--- GIVEN MATERIAL ---
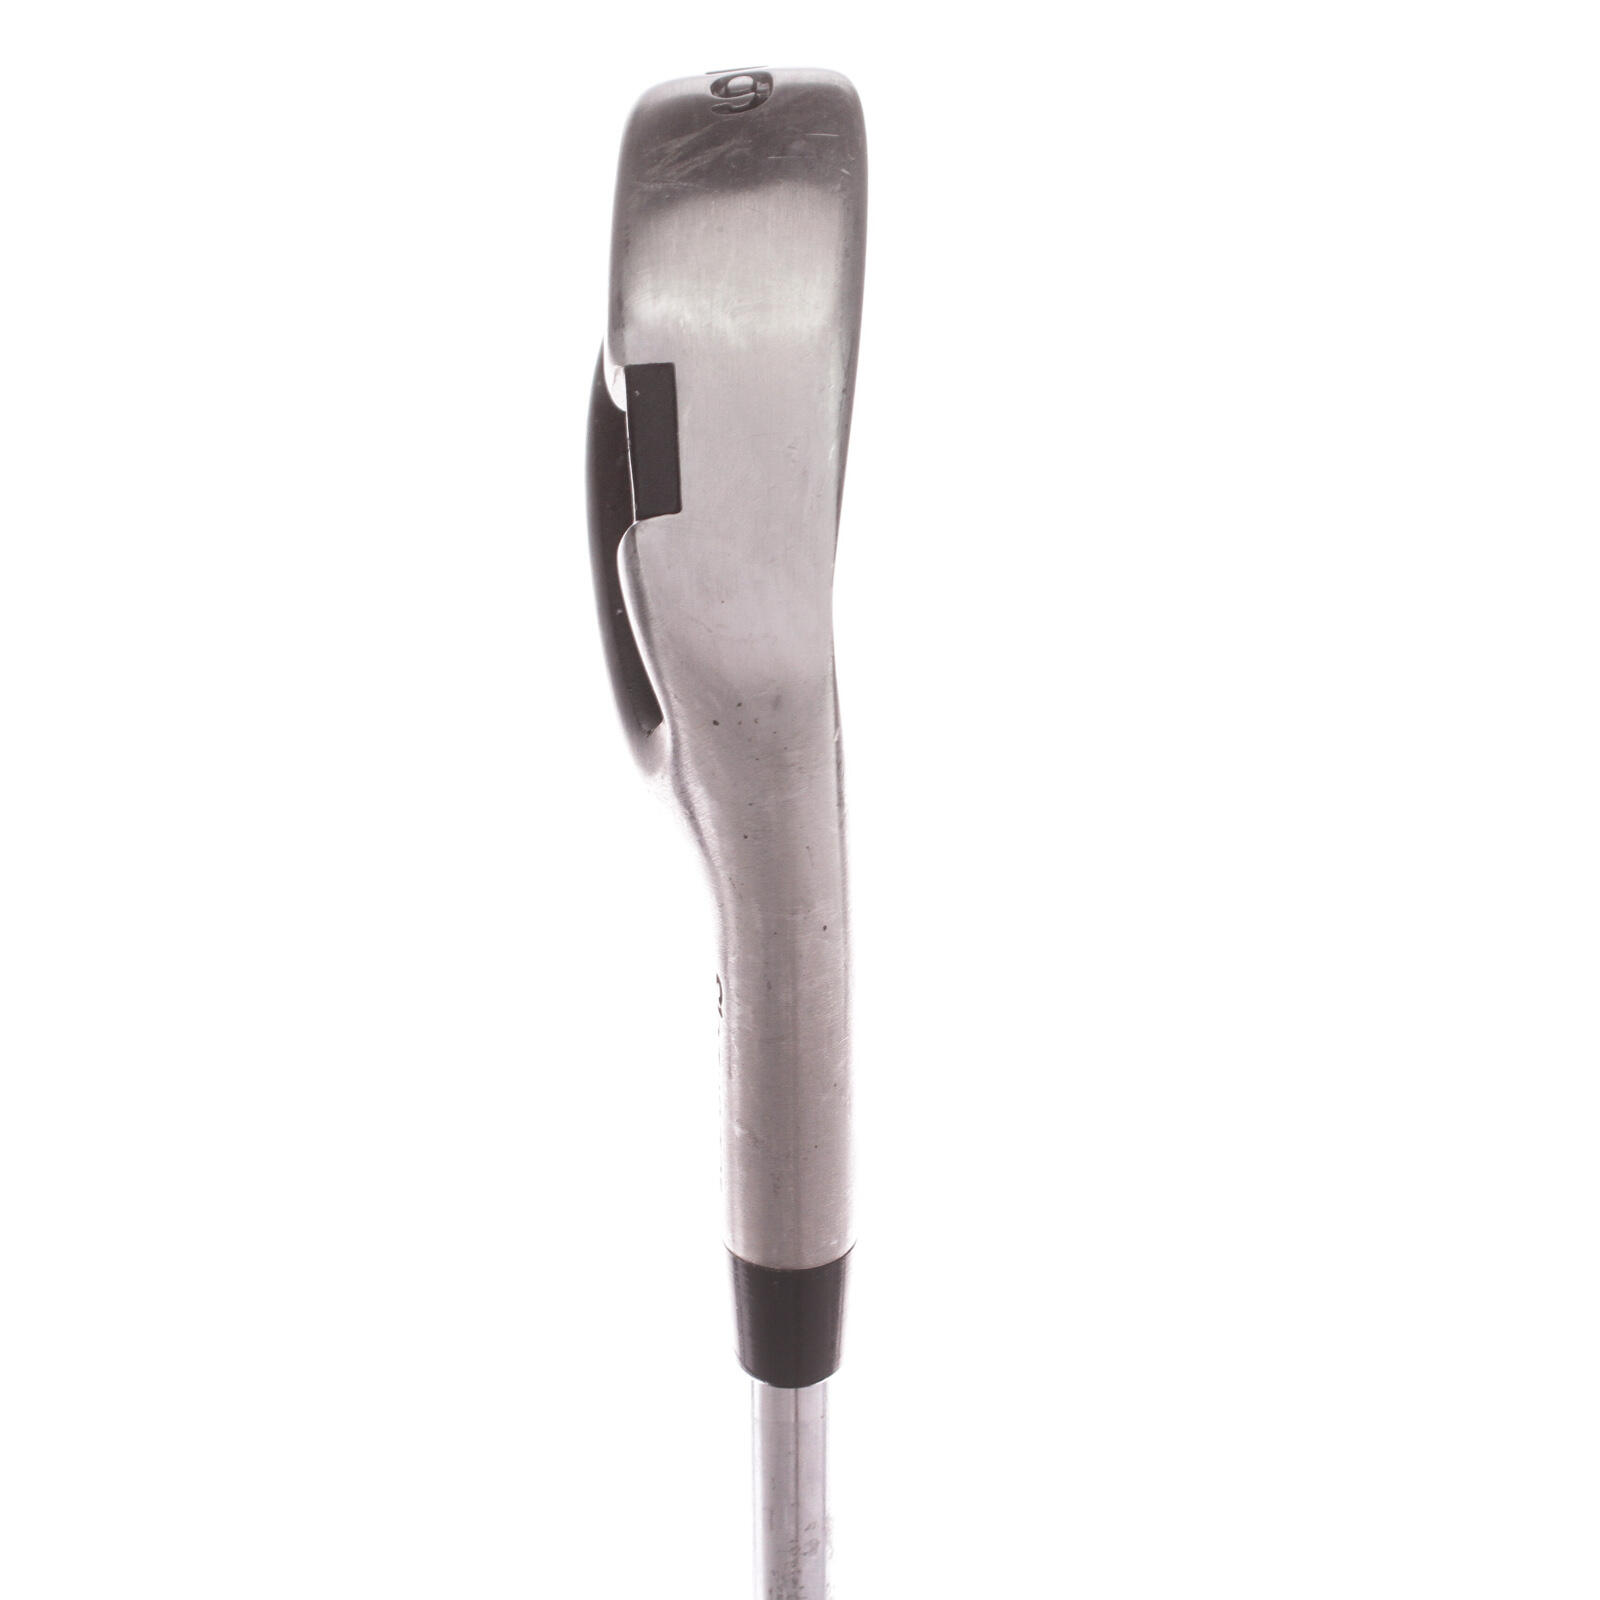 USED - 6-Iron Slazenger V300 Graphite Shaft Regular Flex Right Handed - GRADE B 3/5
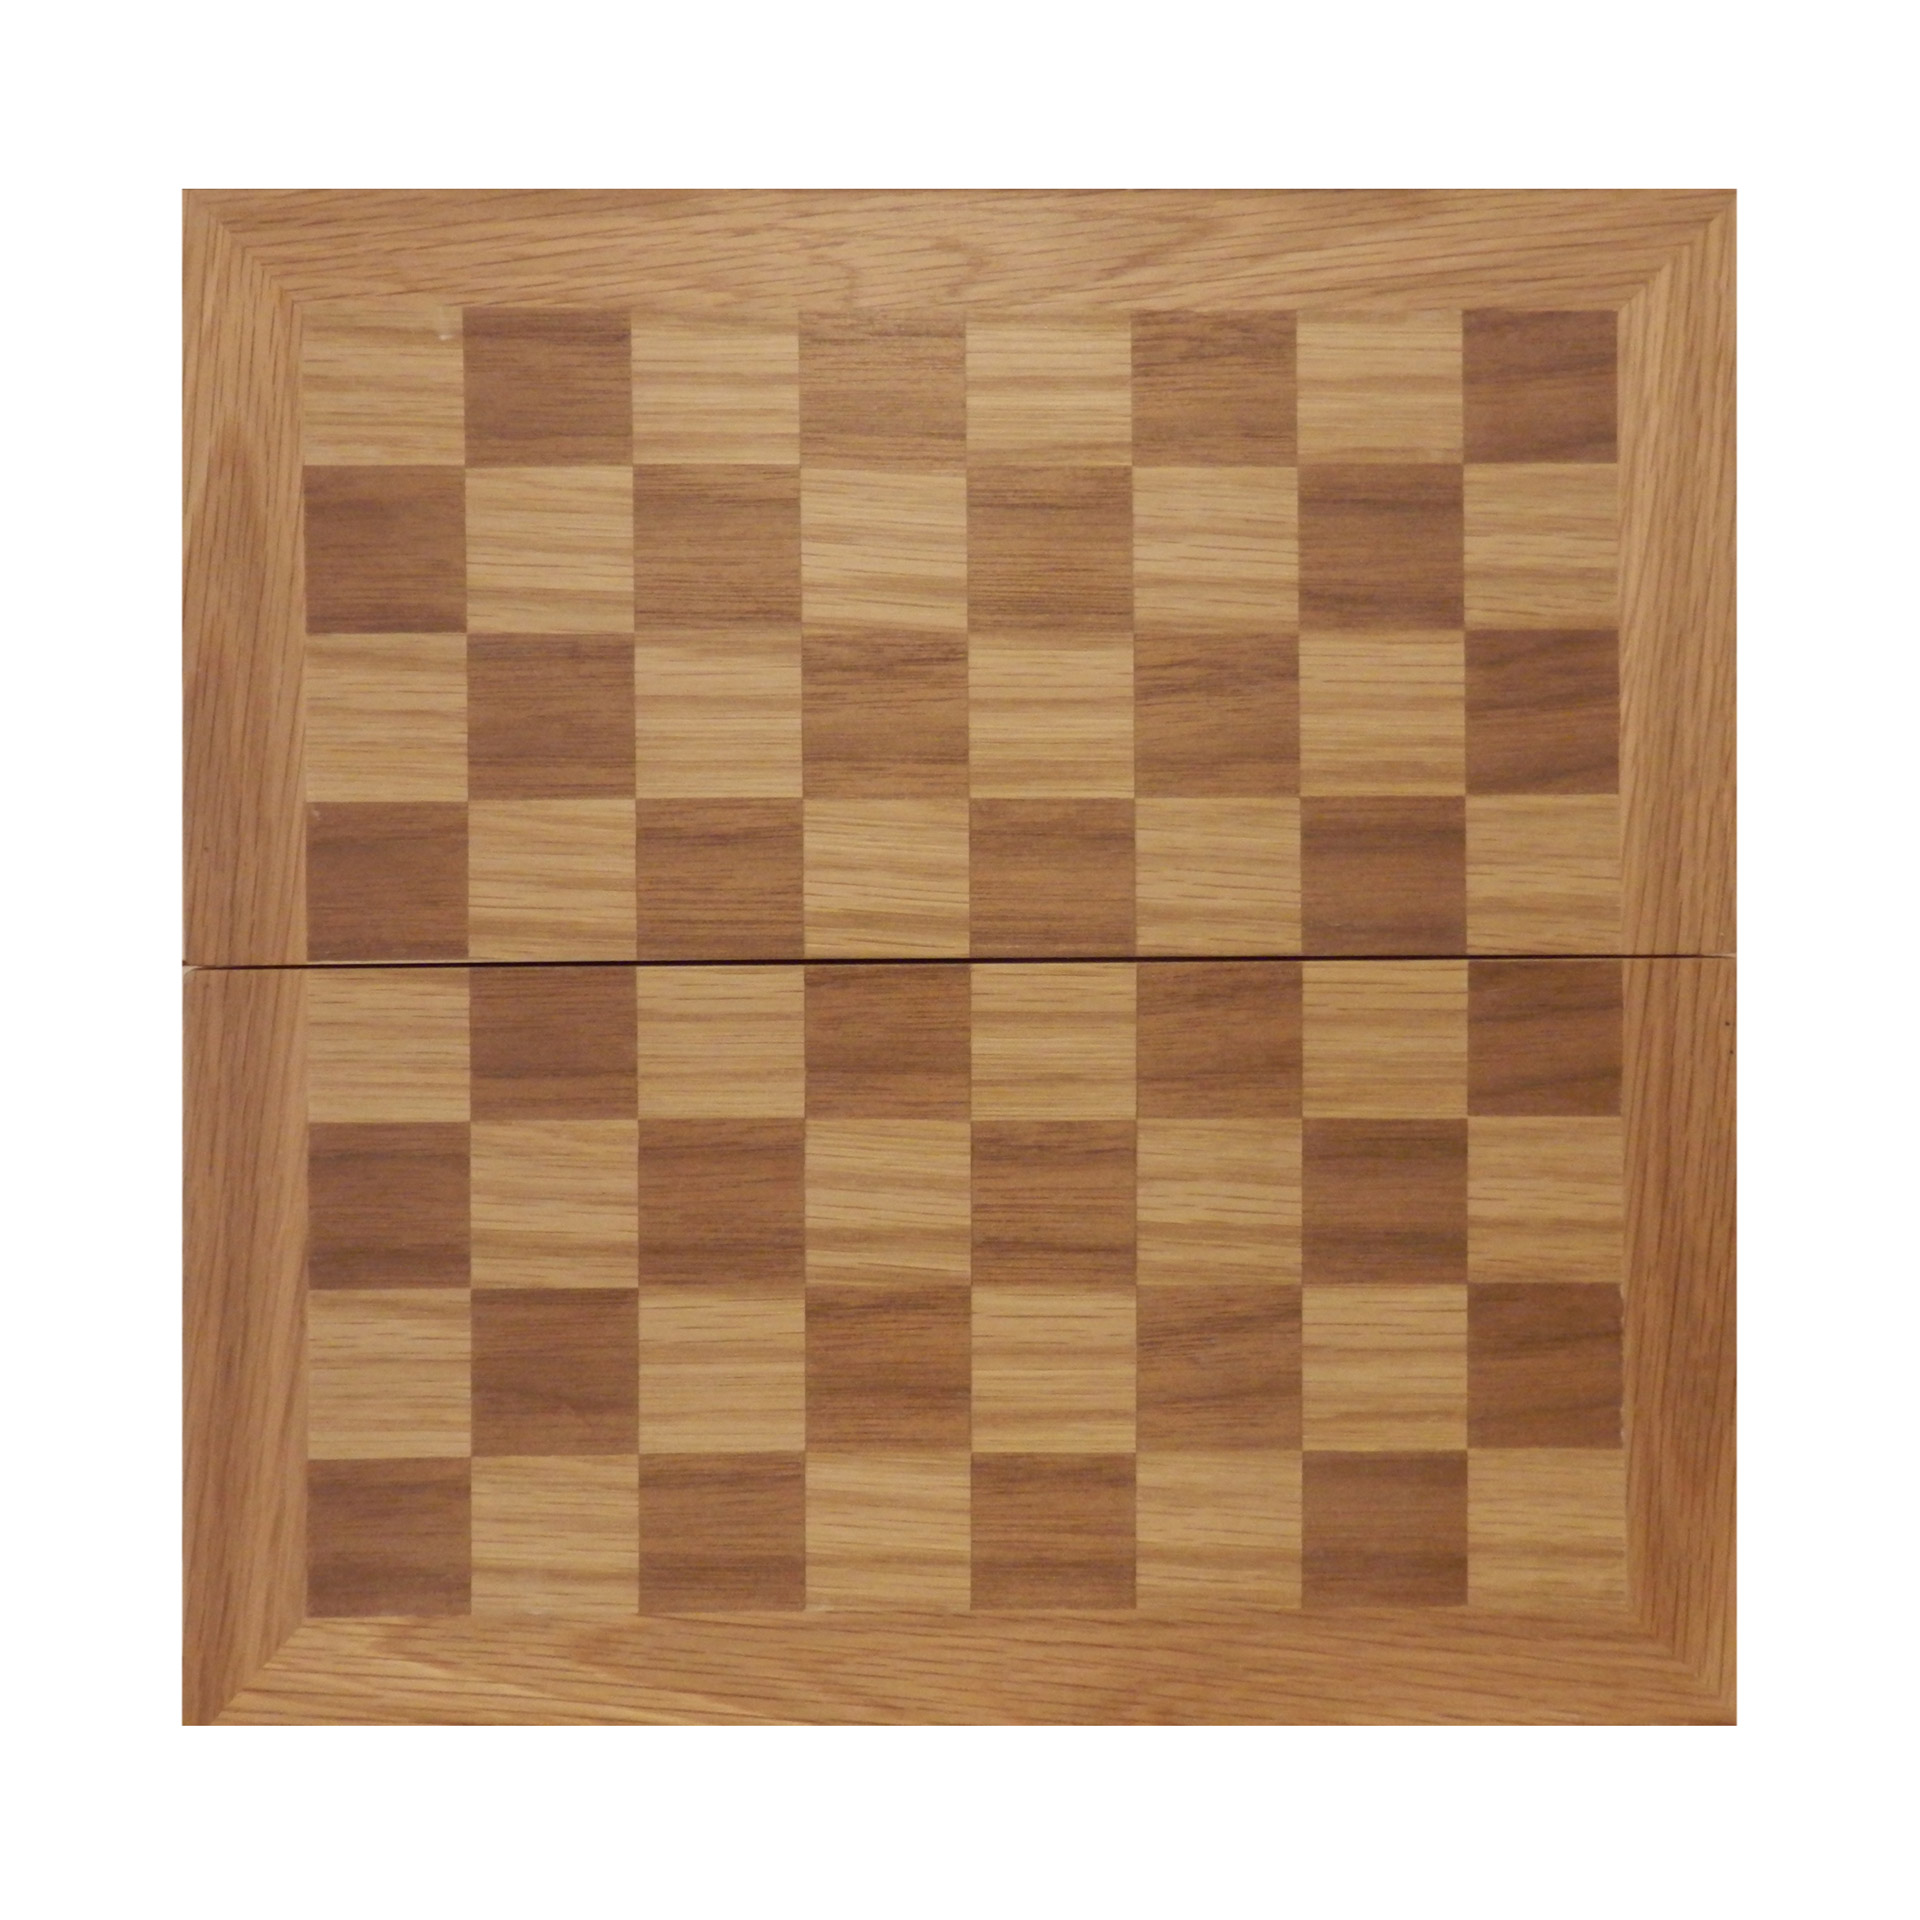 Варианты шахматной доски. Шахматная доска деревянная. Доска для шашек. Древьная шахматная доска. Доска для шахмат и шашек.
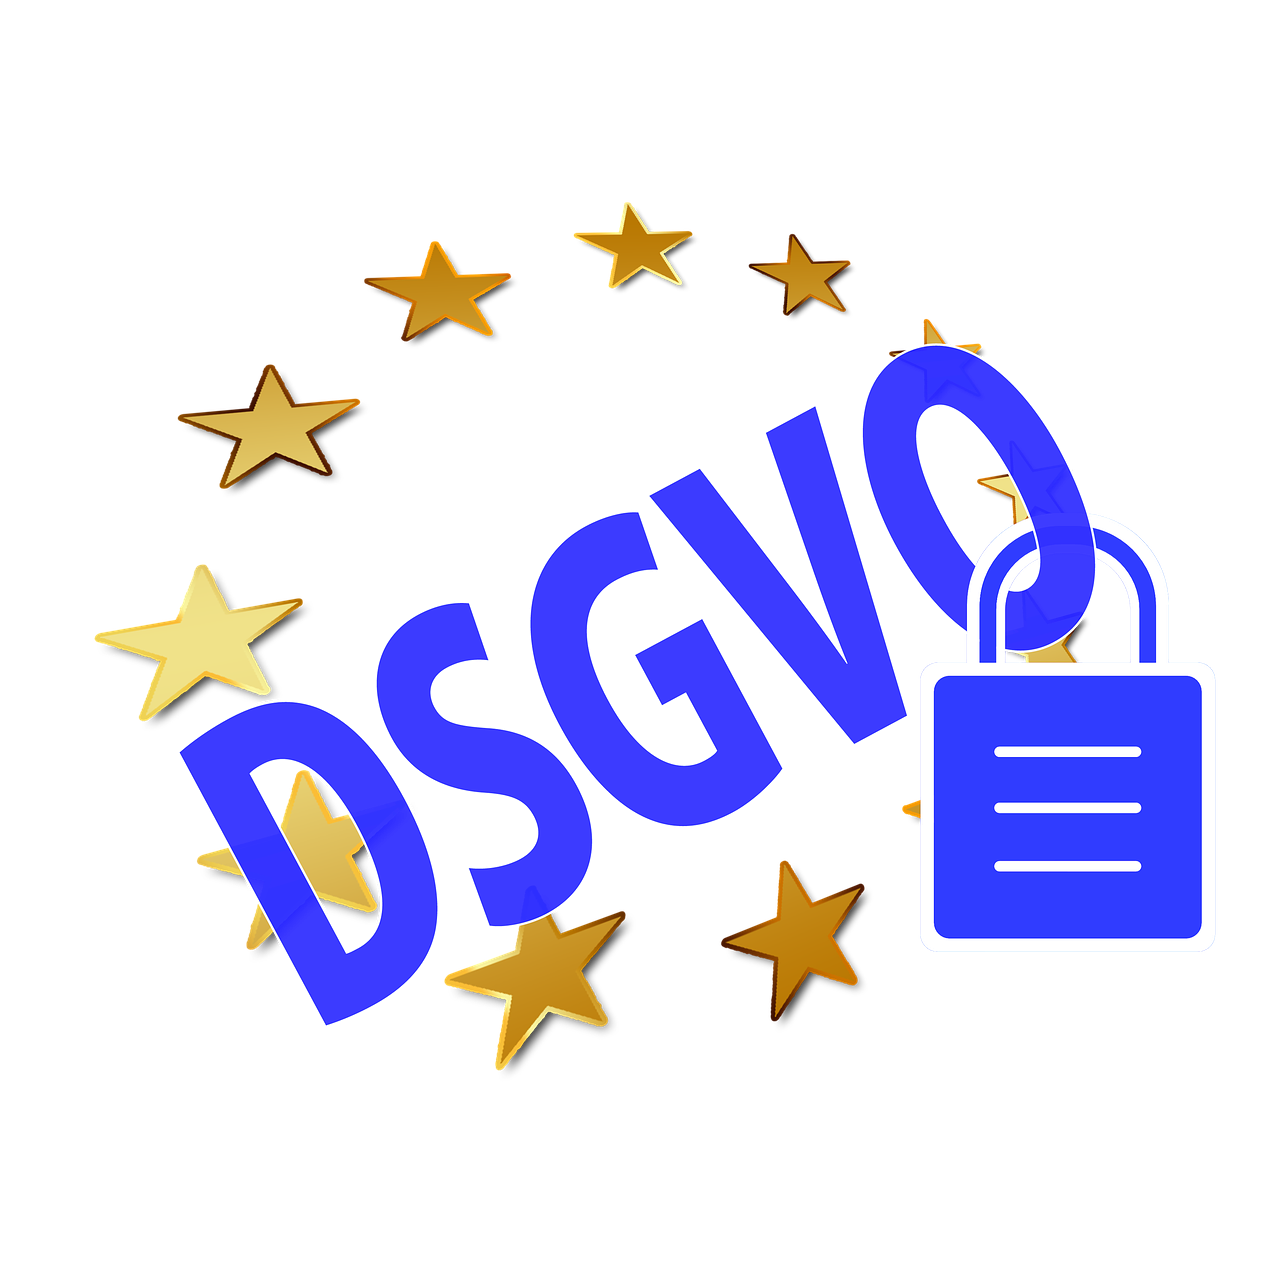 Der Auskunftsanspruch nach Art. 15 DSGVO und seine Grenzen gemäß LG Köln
---
▶ ABOUT THIS TASK:
Copy out all of the material exactly as written, without its pictures.

▶ ANSWER SECTION:
 USED - 6-Iron Slazenger V300 Graphite Shaft Regular Flex Right Handed - GRADE B 3/5
 Варианты шахматной доски. Шахматная доска деревянная. Доска для шашек. Древьная шахматная доска. Доска для шахмат и шашек.
 Der Auskunftsanspruch nach Art. 15 DSGVO und seine Grenzen gemäß LG Köln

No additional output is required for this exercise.